No one was allowed close to the Caravaggio, hung as a sacred object between two overwrought Corinthian columns, behind a velvet rope. Tiles aside, this church with its bright white walls and electronic candles for offerings did not seem the proper venue for
The Burial of Santa Lucia
, I was thinking, as Snow and I squeezed into the crowd and got our first glimpse of the large gloomy oil painting.

In the center of the composition were two half-naked gravediggers illuminated with golden light. I suppose Caravaggio intended to imply the light was celestial since this painting is about the burial of a saint, although the light didn’t appear to come from the heavens the way it usually does in religious art. There were no diagonal streaks emanating from above, for instance, more like arbitrary spotlights here and there to highlight
the men’s nakedness. It seemed that Caravaggio was more interested in those gravediggers than anything. Their bodies were muscled, articulated, and gigantic. They could have been on steroids. The men, bending over, wielded shovels, about to dig. Between them on a pallet lay a young girl a little older than Snow, her skin waxy as if all the blood had been drained from her body.

She lay there in a cave as if it were exactly where she was killed, in disarray, her dress pulled down to expose a single bare shoulder. Is this an erotic painting? I was confused and anxious. Should I have brought Snow? Those gravediggers, so massive, wore only what looked like giant diapers made of white sheets.

I reached out to put my arm around Snow, but she edged sideways out of reach. I remember wondering if people noticed my daughter snubbing me.

Gina, hovering behind and reeking of a sickeningly sweet perfume (the kind that can give you a migraine), recited the story behind the painting as if it were a recipe for minestrone.

“Lucia refuse to marry a pagan. She want to be holy. A virgin. The pagans get angry. They say she has to have sex in a brothel.”

“What is a brothel?” said Snow in quite a loud voice.

“A house of prostitution, kiddo,” said a man to a rumble of amusement.

Please don’t talk to my daughter
, I wanted to say, but that’s dangerous, isn’t it? To have a contretemps with a stranger. We were trapped too. People pressed in from behind. Everyone was listening to Gina, who, like a top, once she began, kept on until she ran down.

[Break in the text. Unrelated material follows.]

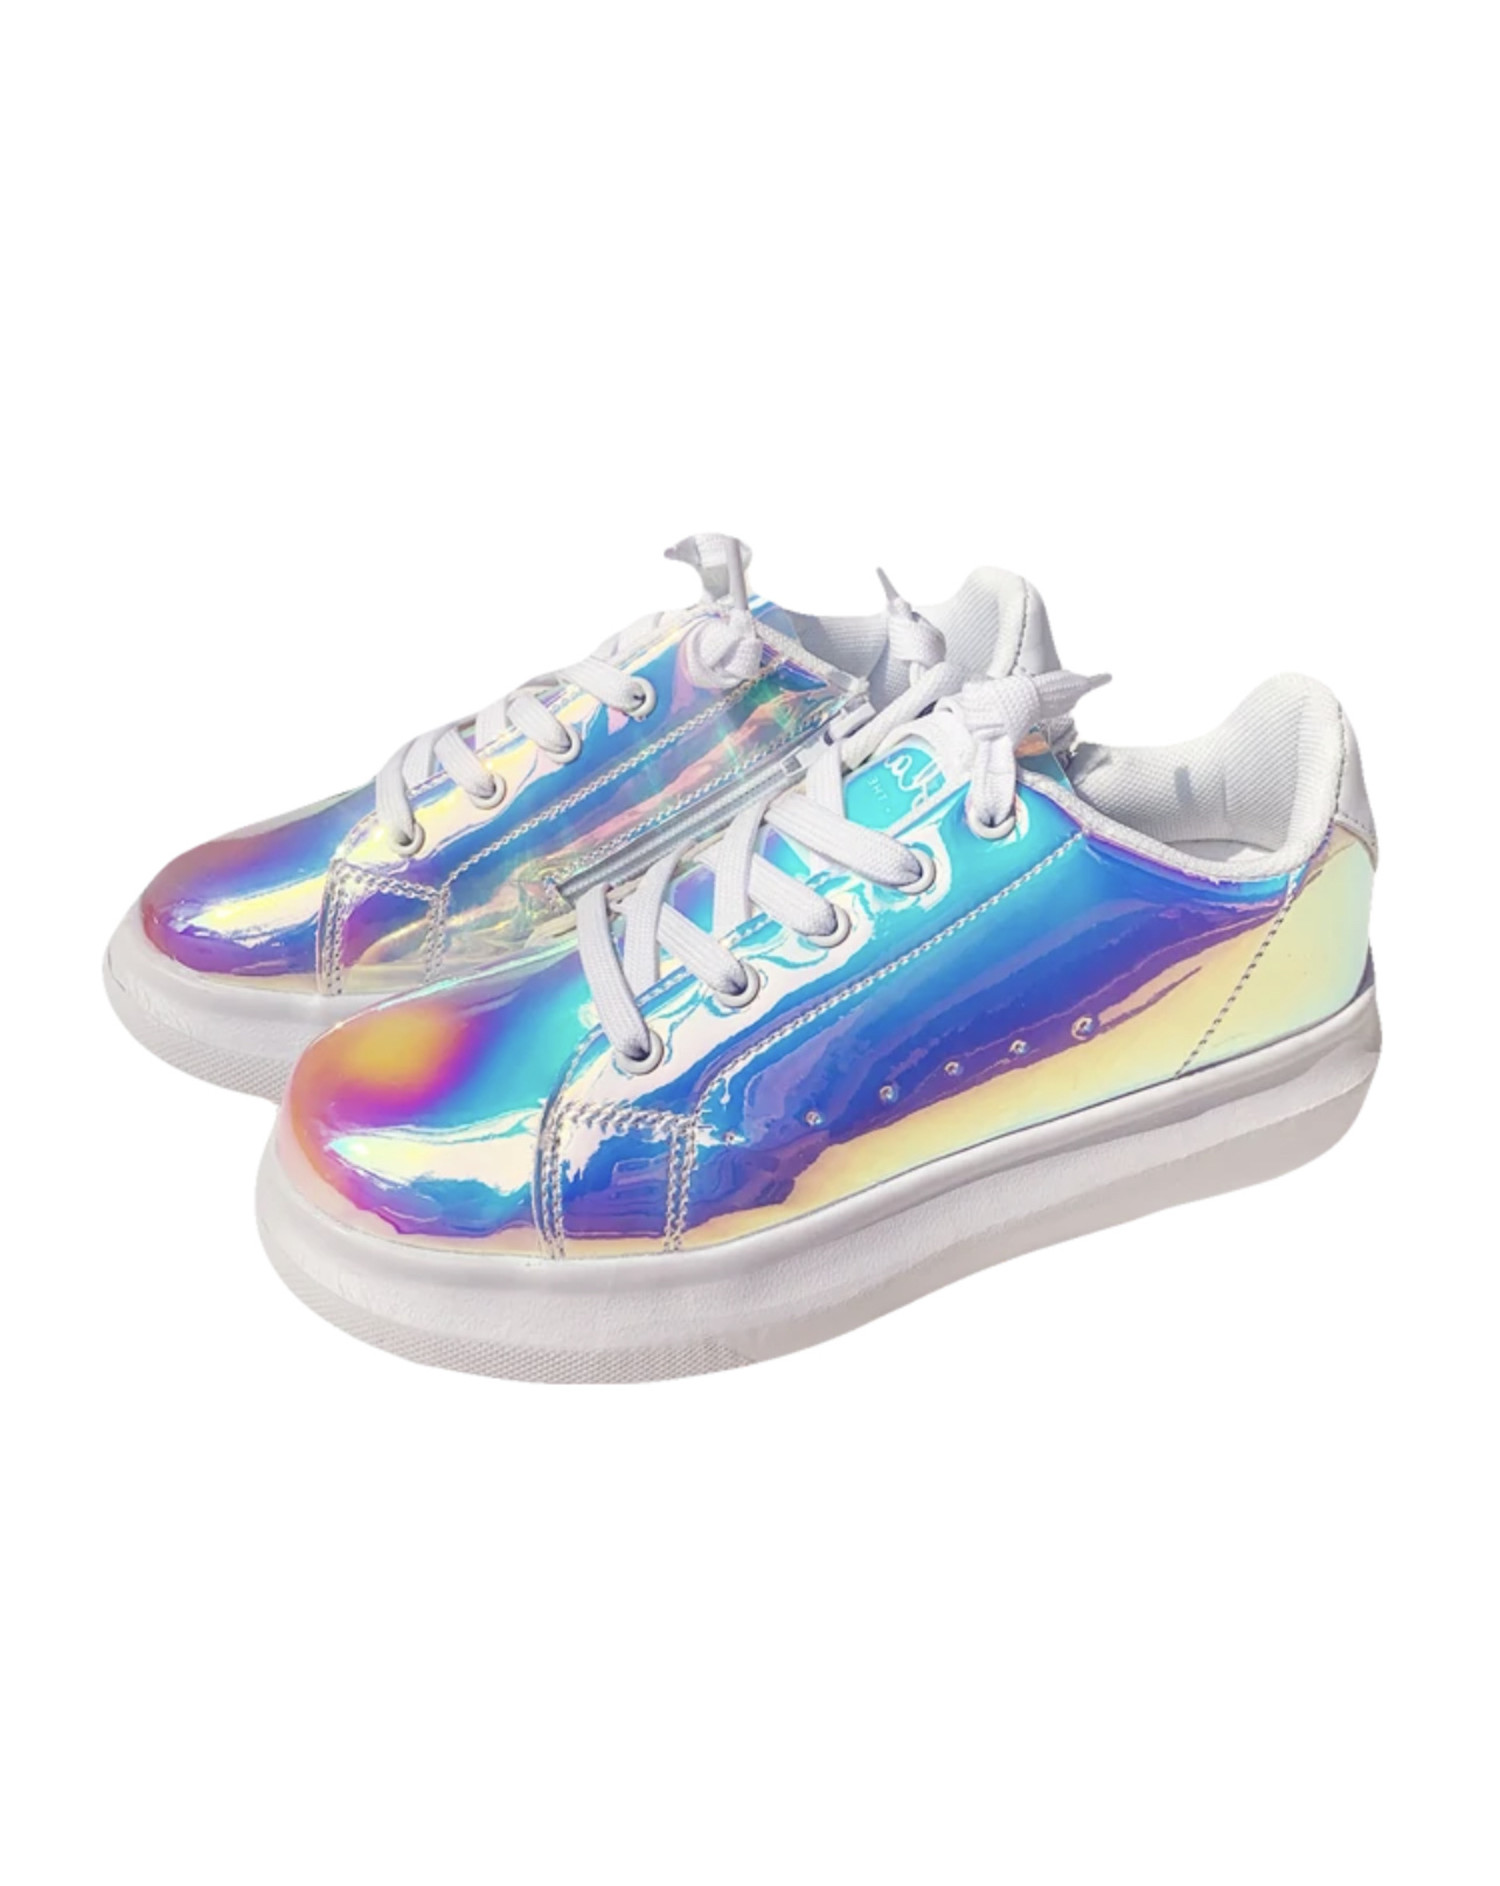 Lola Hologram Sneaker - Calakids

“They try to take Lucia. Lucia, she is like, how do you say, in cement. They bring oxen. No one can move Lucia to brothel.”

Snow, gazing up at this enormous male sexual fantasy, fiddled with the strap on her tank top, easing it off her shoulder.

“My daughter doesn’t need to know everything to appreciate an oil painting,” I told Gina, but she moved in between us.

“To punish Lucia, they take her eyes with a
forchetta
.” Gina demonstrated, working her arm as if she were prying the eye out of a whale.

“Forchetta?”
said Snow, her gaze on the painting.

“Fork,” I snapped. I fear I did snap, which is not like me. How could Gina know the word
brothel
but not
fork
? There was something sick about that painting, something evil. Something evil about Gina too. I wanted to sweep Snow right out of the church.

“When that not kill her, they stab her in the neck,” said Gina.

Snow sank to the floor.

“Get up,” I said. “Are you crazy?” Everyone was looking at us now. I yanked Snow’s arm. It was dead weight. A man leaned over her. I pushed him away. “Mind your own business.”

She was faking. I don’t know how I knew but I did. I slipped my arms under her, wrapped her waist, and pulled her up. She kept her legs limp. I pinched her hard. “Ouch,” she said, finally standing. I led her away from the crowd and through the church. A woman chased us. “Is she all right? Does she need water?”

“What was that? What were you doing?” I said as soon as we were outside.

Snow straightened her skirt.

“Snow, answer me.”

She looked around curiously as if the world were a fascination and I wasn’t part of it.

“Lucia visit her,” said Gina.

“Don’t do that again. It’s not funny.”

Snow murmured.

I leaned in to hear.

What she said hurt me deeply.

“We won’t need you anymore,” I told Gina.

Somehow I got us to the hotel.

Looking back, things deteriorated very quickly after that.